La seconda parte, Vuh, è il mantra cosmico per eccellenza: registrato nella cattedrale medievale di Baumburg, innalza il suo coro cerimoniale con un organo a canne che sprigiona energia corroborante, l’eco delle solite percussioni stavolta più fitte, accompagnano i synth che creano la strada sonora da seguire per la meditazione e l’atmosfera che si va a creare è una delle più suggestive che si possano trovare nella musica popolare di tutti i tempi.

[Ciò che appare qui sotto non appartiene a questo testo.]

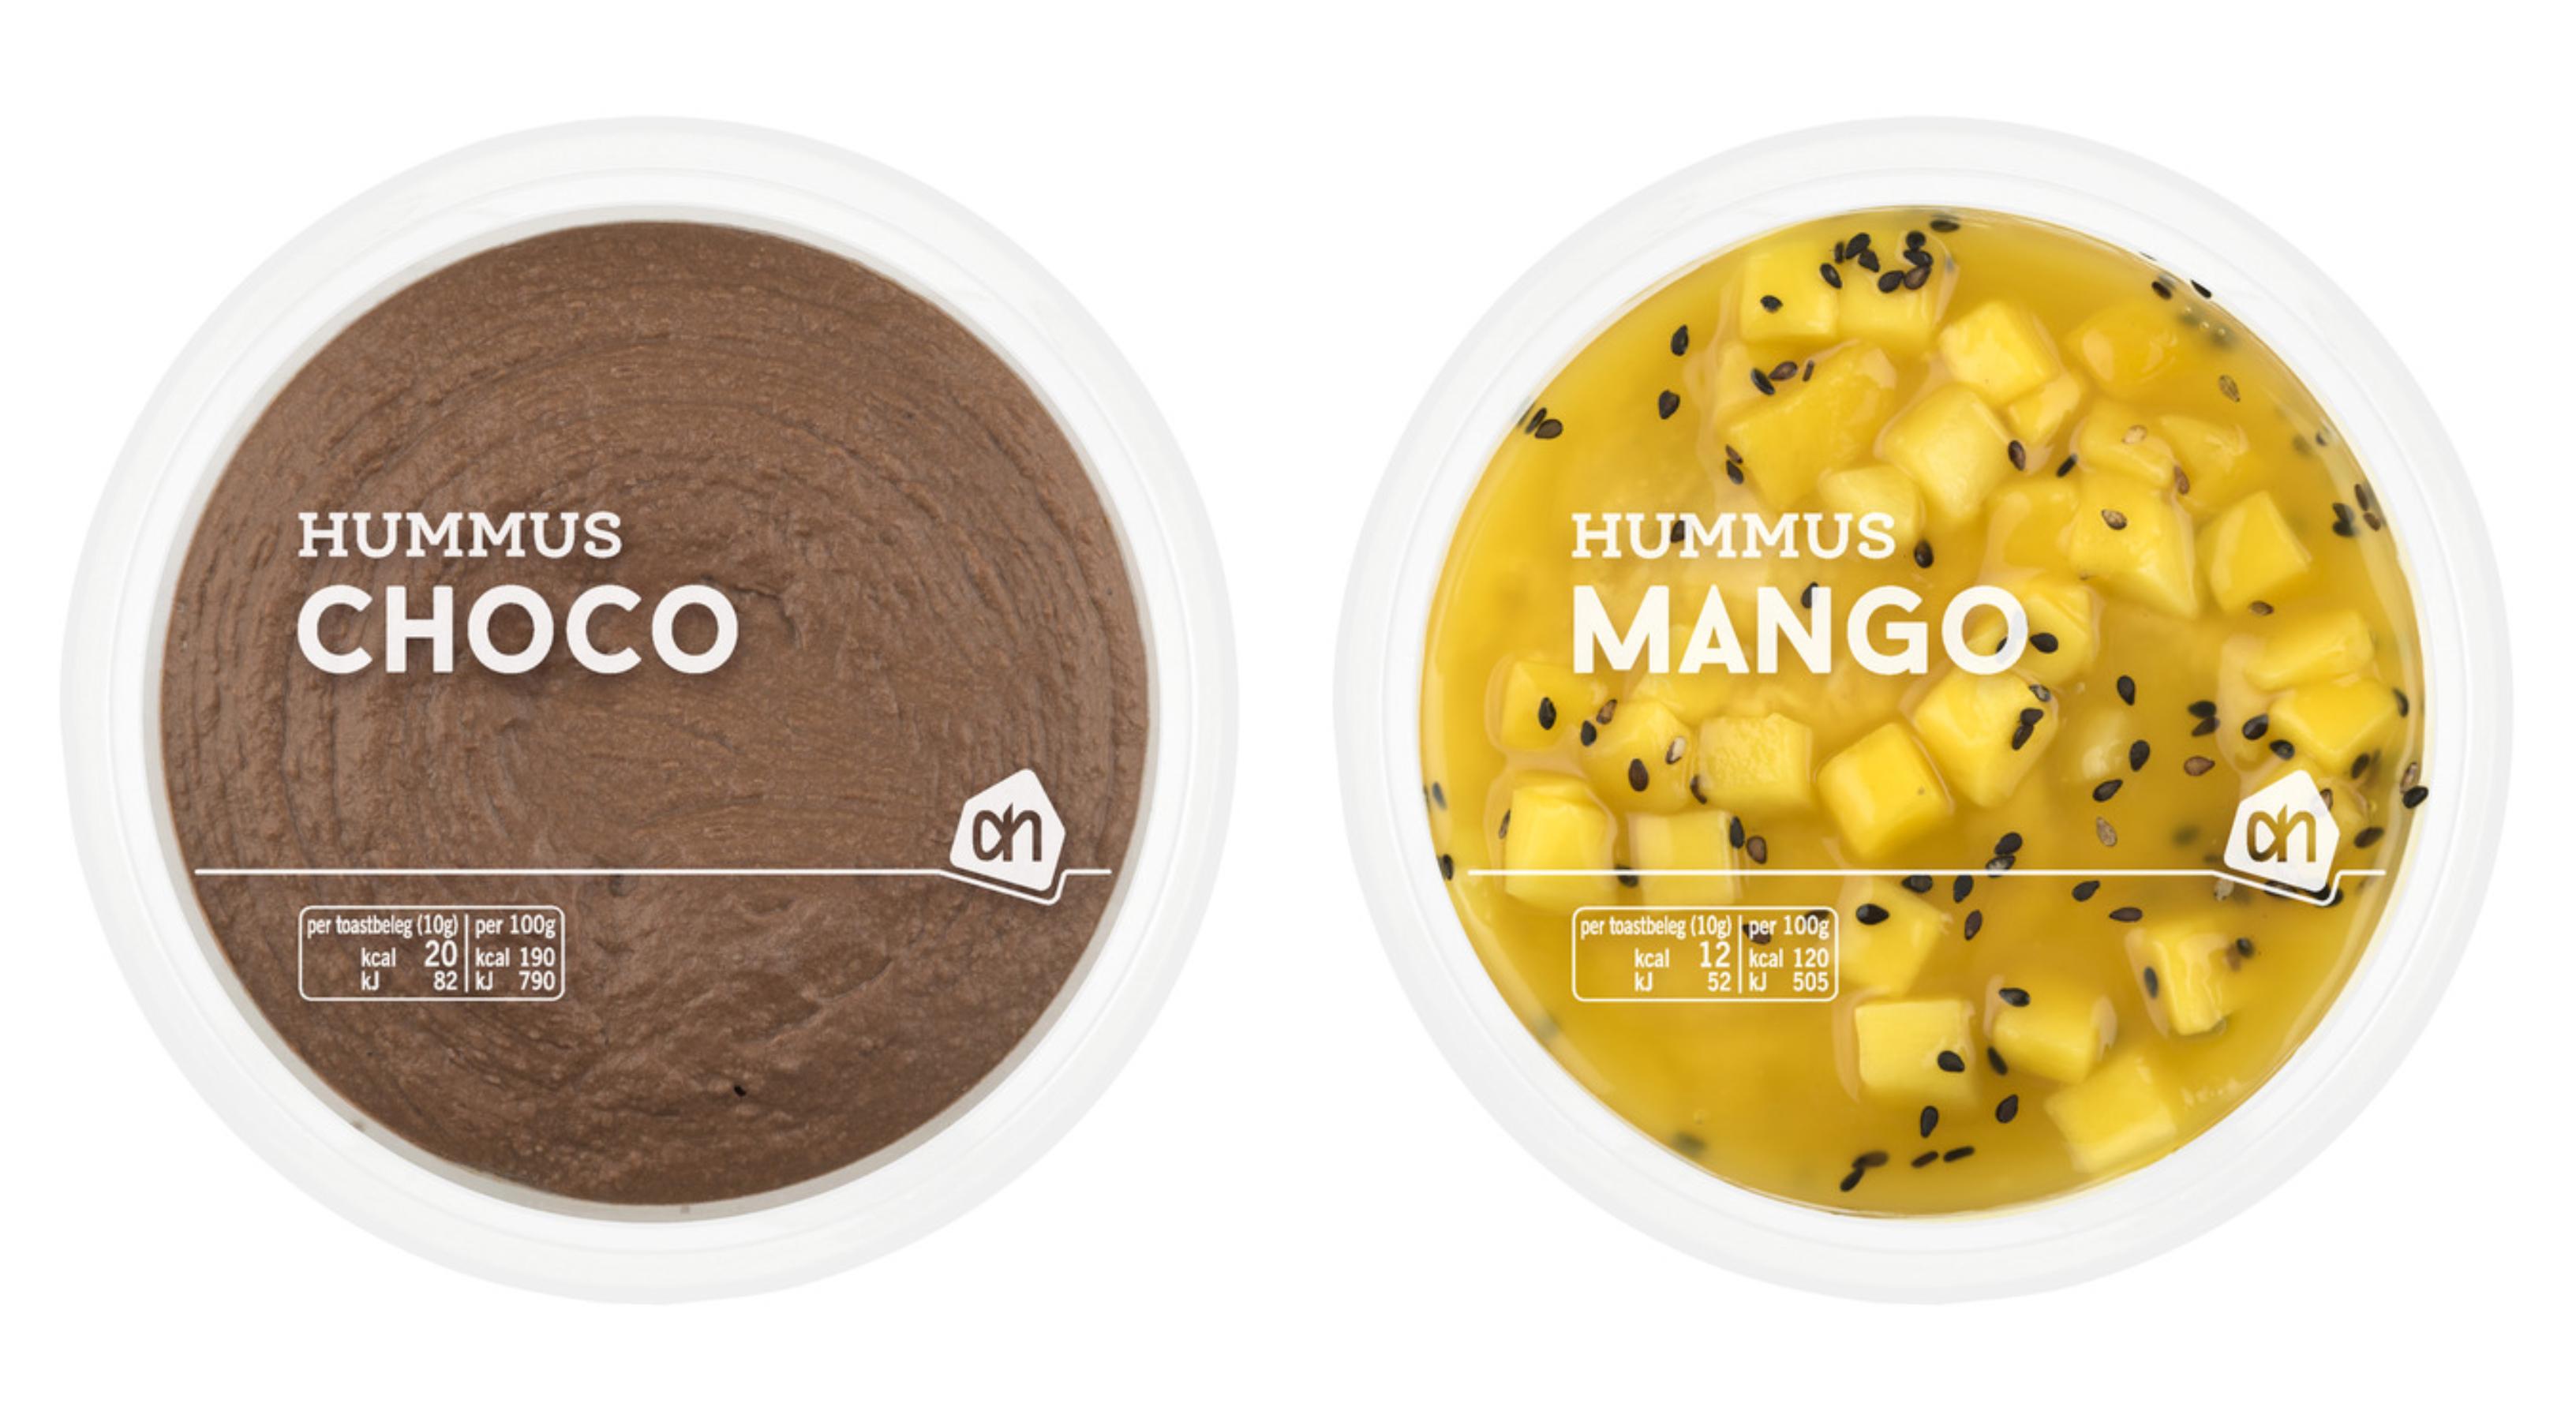 hummus, smaken, choco, mango, ah

Un disco assoluto, innovativo, religioso, trascendente, straniante, cerebrale, impulsivo, un disco di musica sacra astratta, in onore della divinità dalle forme indefinite che questa esperienza è riuscita ad evocare, un disco che rappresenta in tutto e per tutto il periodo più splendente del krautrock cosmico, quello dove la musica era ancora un mezzo non per arricchire chi la produceva ma bensì per raggiungere forti emozioni e sensazioni come lo stesso Fricke espresse:
“(…) Nell’apparato propagandistico del capitalismo la musica s’incarica di stendere un velo che serva a coprire la ragione, a impedire di scegliere e decidere. Gran parte del pop americano e inglese si ritrova in quest’ambito deteriore, dove l’arte dei suoni diviene corruzione o appare in stretto accordo con essa”
Un disco il cui suono celestiale vibra tutt’ora da un altro mondo, quello che pare il giardino più bello e del quale Florian, da quando ha esalato l’ultimo respiro, può esserne finalmente il suo faraone.